Ookla, the company behind Speedtest, is the global leader in fixed broadband and mobile network testing applications, data and analysis. As a result of the test volume across all Speedtest platforms, Ookla has the most comprehensive analytics on worldwide internet performance and accessibility. Ookla transforms these billions of real-world tests into vital research tools. The company’s flagship enterprise product, Speedtest Intelligence, is used by ISPs, carriers, businesses, universities and government agencies alike who trust Ookla’s commitment to quality and neutrality.
The service measures the data throughput (speed) and latency (connection delay) of an Internet connection against one of around 11,000 geographically dispersed servers (as of August 2021). Each test measures the data rate for the download direction, i.e. from the server to the user computer, and the upload data rate, i.e. from the user's computer to the server. The tests are performed within the user's web browser or within apps. As of September 2018, over 21 billion speed tests have been completed.

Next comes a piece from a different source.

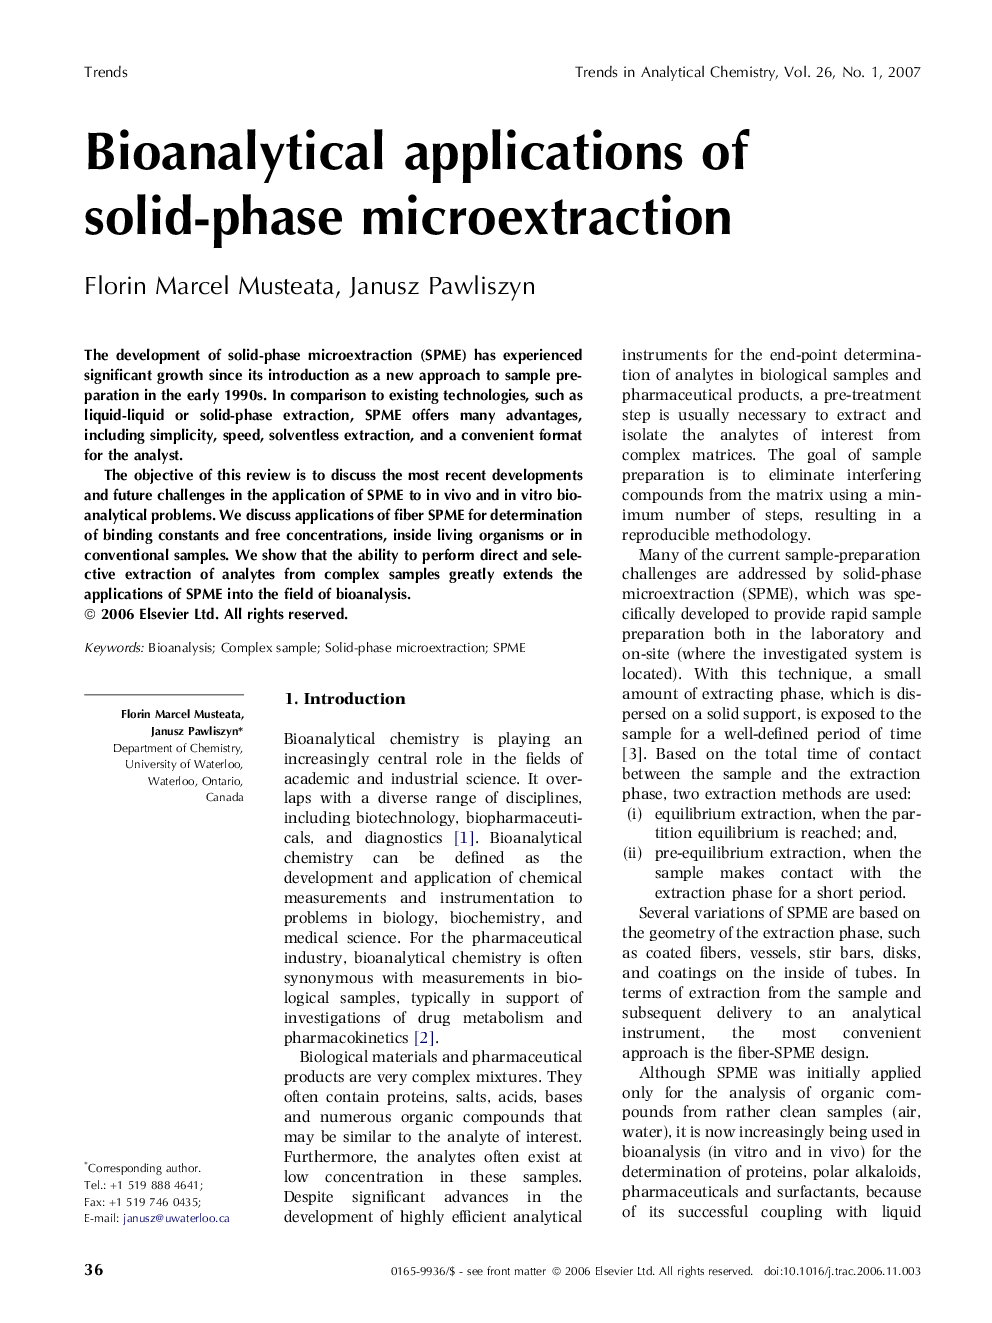 Bioanalytical applications of solid-phase microextraction
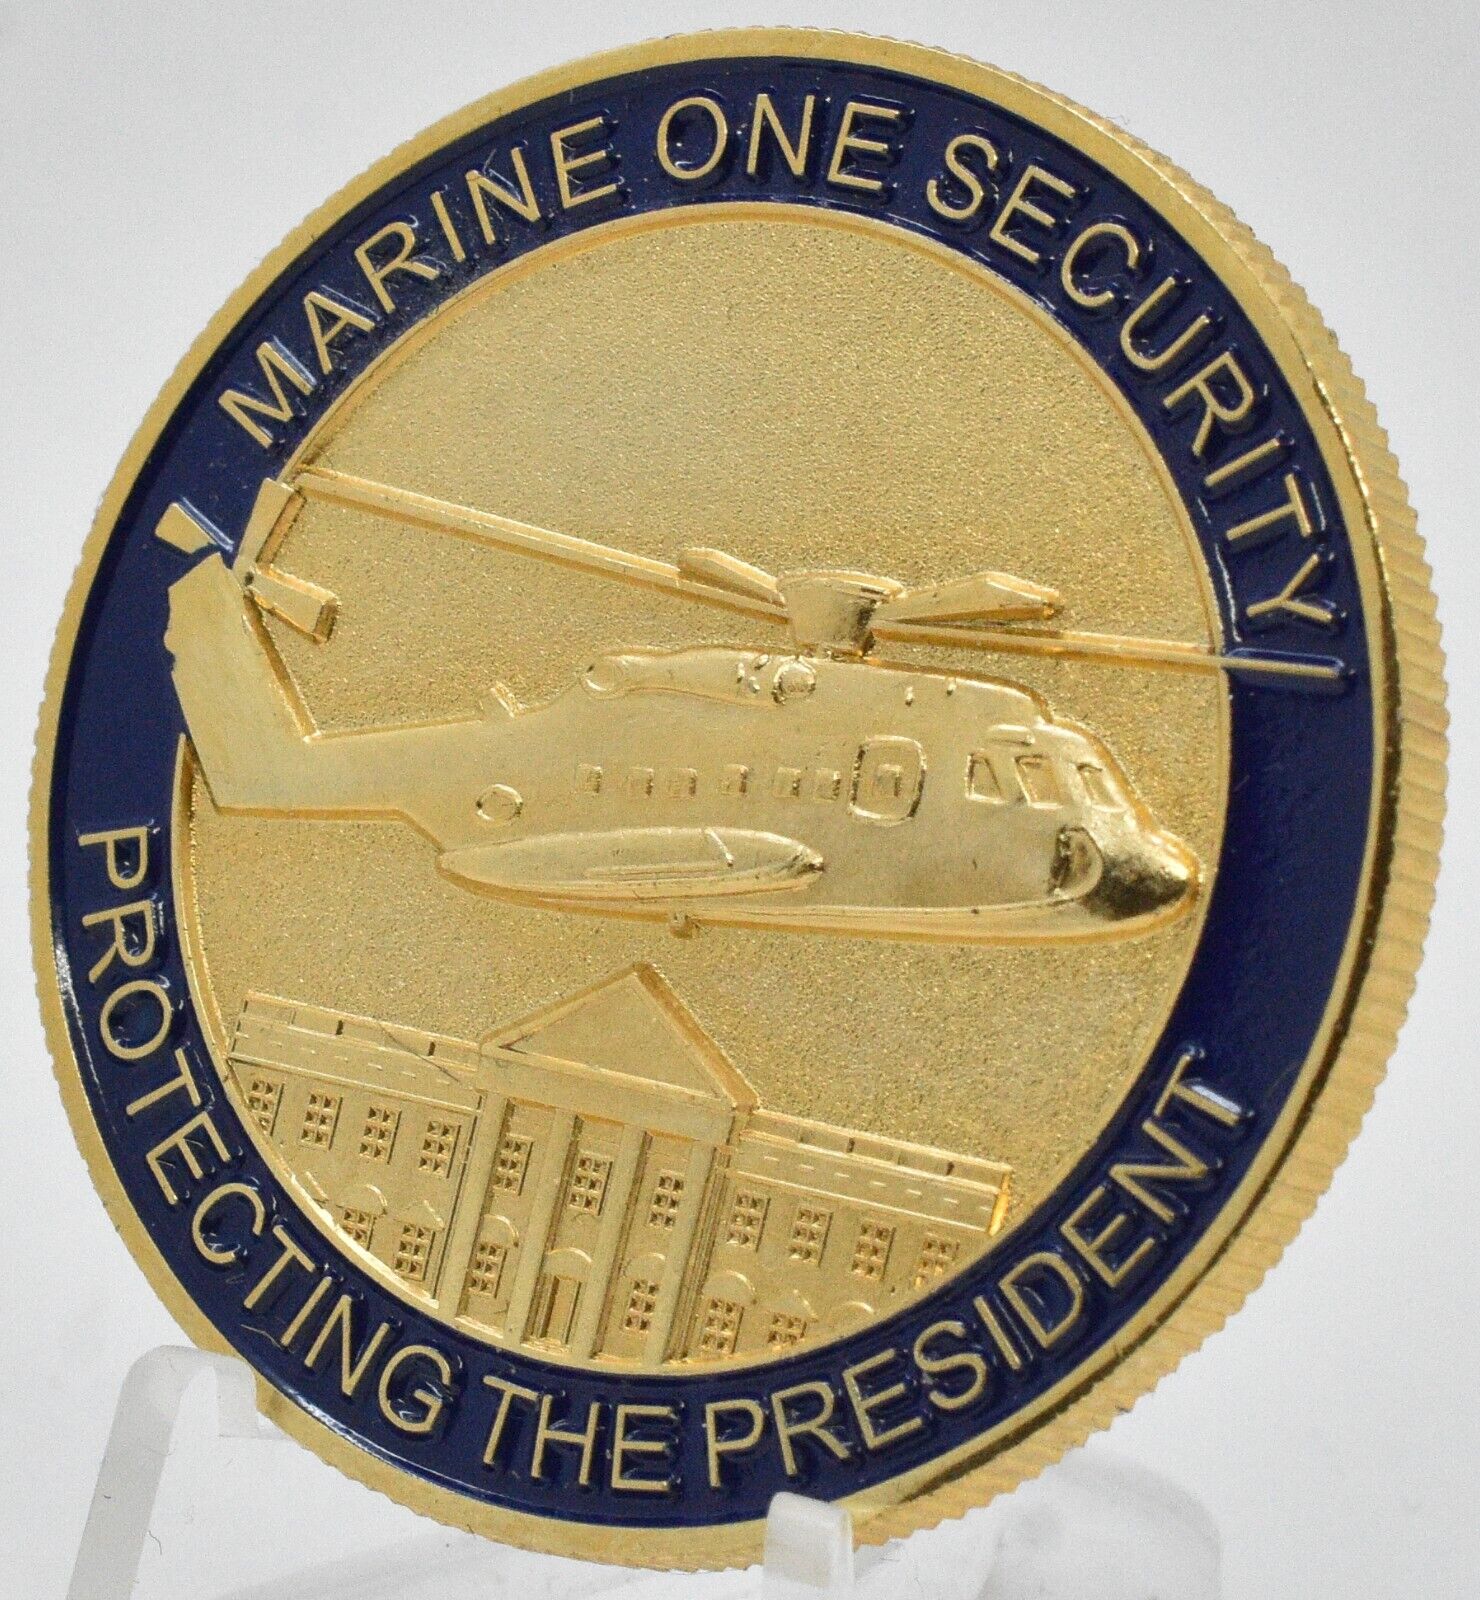 HMX-1 Marine One Security USMC WHITE HOUSE HELICOPTER CHALLENGE COIN

Tests were previously performed using the Hypertext Transfer Protocol (HTTP) at Layer 7 of the OSI model. To further improve accuracy, Speedtest now performs tests via direct Transmission Control Protocol (TCP) sockets and uses a custom protocol for communication between servers and clients.
The site also offers detailed statistics based on test results. This data has been used by numerous publications in the analysis of Internet access data rates around the world.